Slashdot Mirror

← Back to Stories (view on slashdot.org)

Antivirus Software Is 'Increasingly Useless' and May Make Your Computer Less Safe (www.cbc.ca)

Posted by msmash on from the security-woes dept.

Emily Chung, writing for CBC: Is your antivirus protecting your computer or making it more hackable? Internet security experts are warning that anti-malware technology is becoming less and less effective at protecting your data and devices, and there's evidence that security software can sometimes even make your computer more vulnerable to security breaches. This week, the U.S. Department of Homeland Security's Computer Emergency Readiness Team (CERT) issued a warning about popular antivirus software made by Symantec, some of it under the Norton brand, after security researchers with Google's Project Zero found critical vulnerabilities. "These vulnerabilities are as bad as it gets. They don't require any user interaction, they affect the default configuration, and the software runs at the highest privilege levels possible," wrote Google researcher Tavis Ormandy in a blog post. Symantec said it had verified and addressed the issues in updates that users are advised to install. It's not the only instance of security software potentially making your computer less safe.

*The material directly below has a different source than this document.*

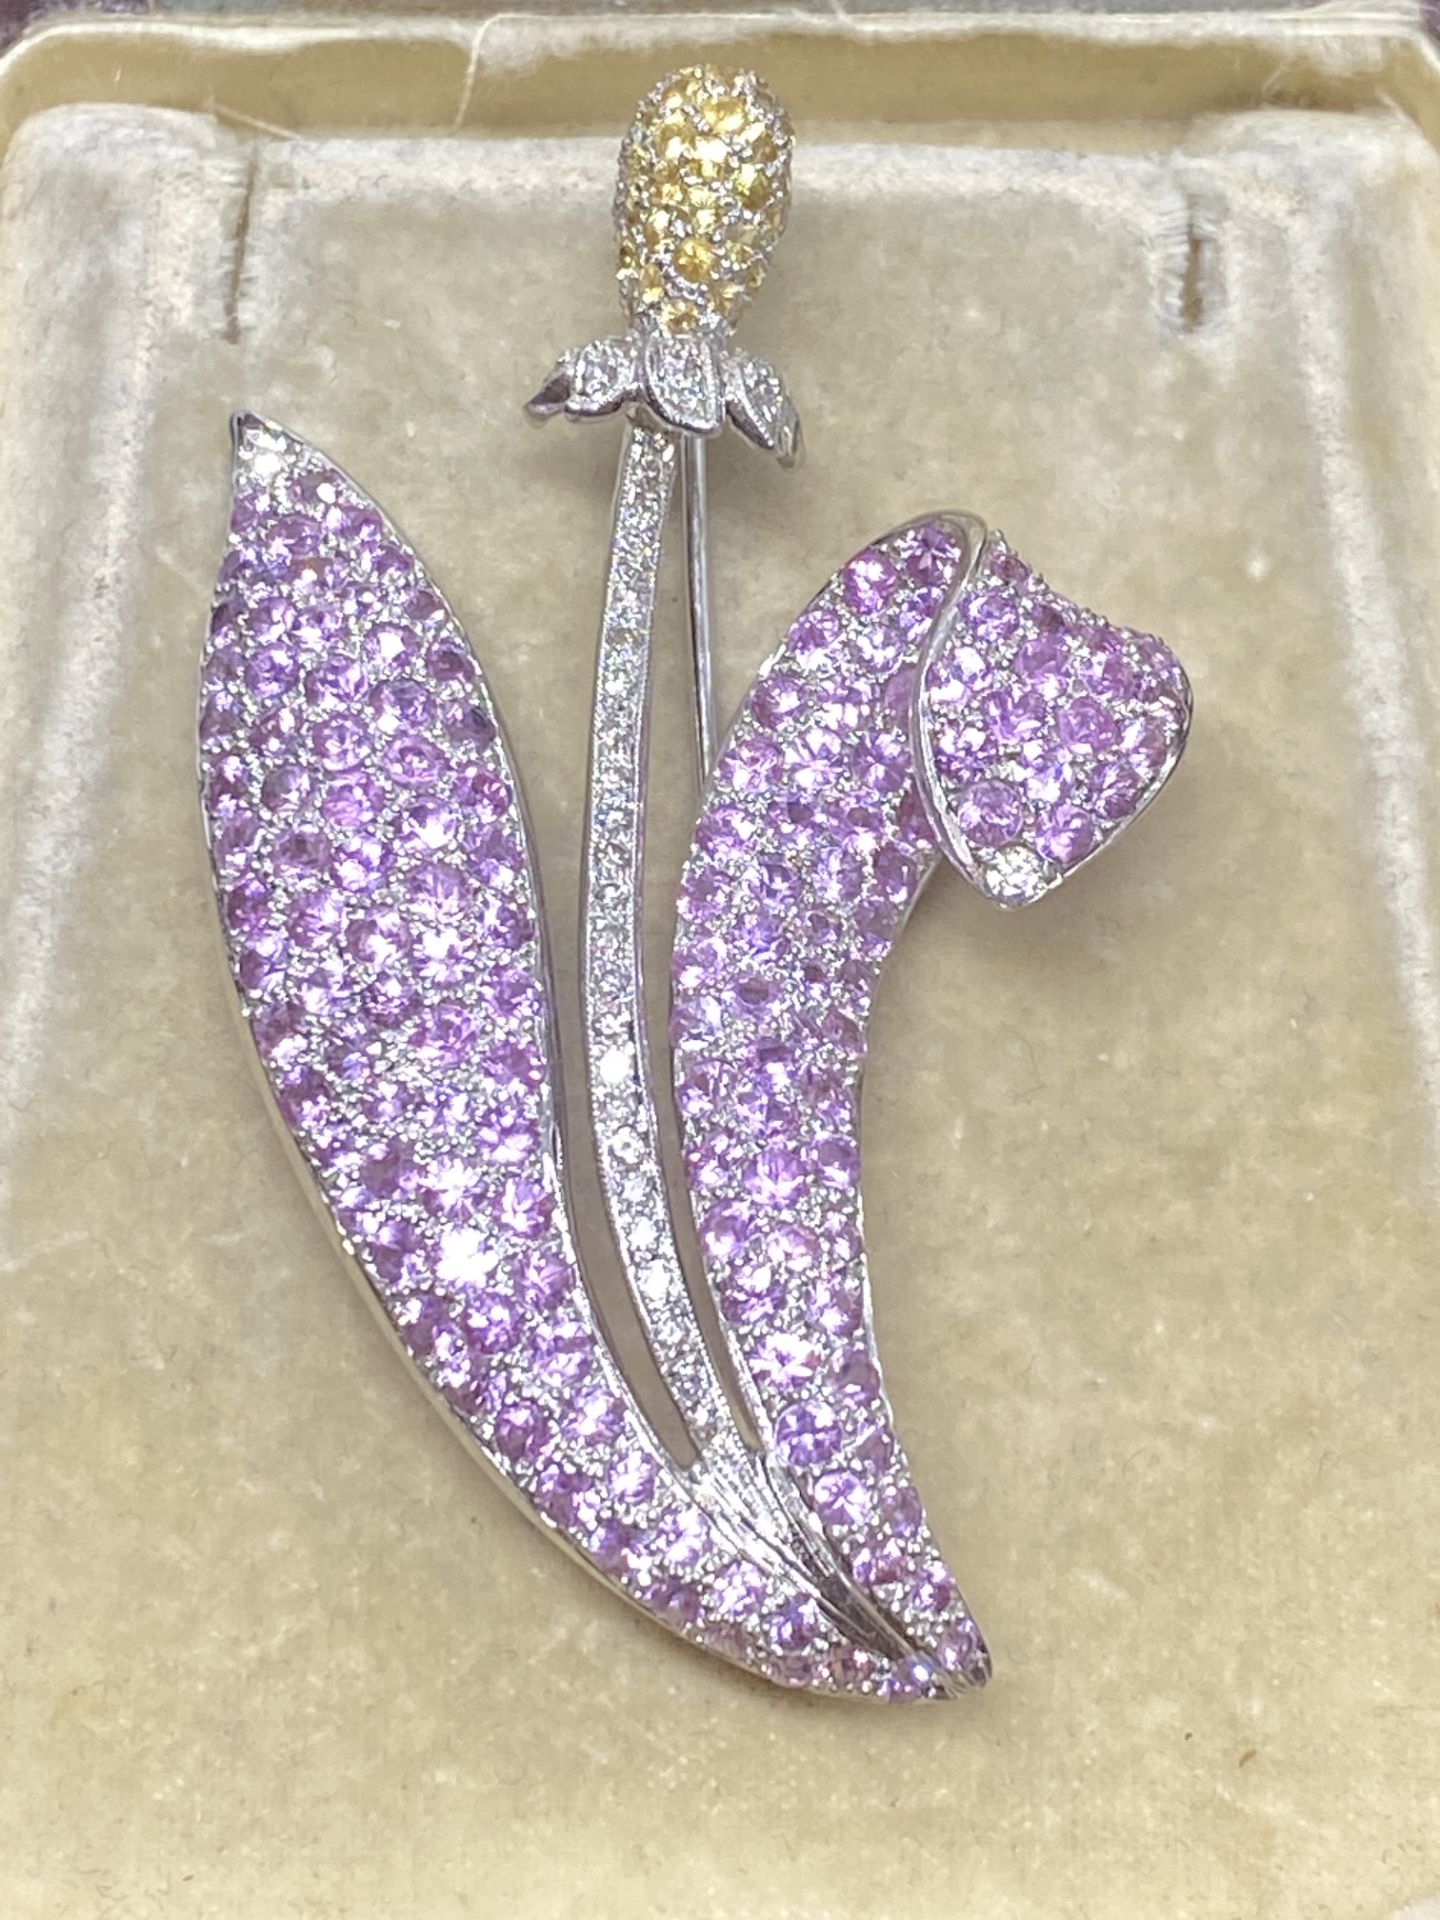 18ct WHITE GOLD PINK SAPPHIRE & DIAMOND FLOWER BROOCH - Image 2 of 6

Concordia University professor Mohammad Mannan and his PhD student Xavier de Carne de Carnavalet recently presented research on antivirus and parental control software packages, including popular brands like AVG, Kaspersky and BitDefender, that bypass some security features built into internet browsers to verify whether sites are safe or not in order to be able to scan encrypted connections for potential threats. In theory, they should make up for it with their own content verification systems. But Mannan's research, presented at the Network and Distributed System Security Symposium in California earlier this year, found they didn't do a very good job. "We were surprised at how bad they were," he said in an interview. "Some of them, they did not even make it secure in any sense."

4 of 212 comments (clear)

  1. What the fuck by Anonymous Coward · · Score: 0, Insightful

    Slashdot editors are INCREASINGLY useless

    1. Re:What the fuck by Captain+Splendid · · Score: 1, Insightful

      It's not possible to be increasingly useless.

      Clearly someone wasn't around to witness eight years of George W Bush.

      --
      Linux, you magnificent bastard, I read the fucking manual!
  2. Clicking on attachments by martyros · · Score: 3, Insightful

    After a recent debacle where Symantec apparently didn't get the proof-of-concept exploit sent to them by a security researcher because the mail filter automatically opened the document and crashed, I friend of mine joked that antivirus software was actually a tool to "automatically click on attachments for you".

    --

    TCP: Why the Internet is full of SYN.

  3. Adblock by Anonymous Coward · · Score: 5, Insightful

    I think installing an adblocker in your webbrowser is probably the best antivirus available today.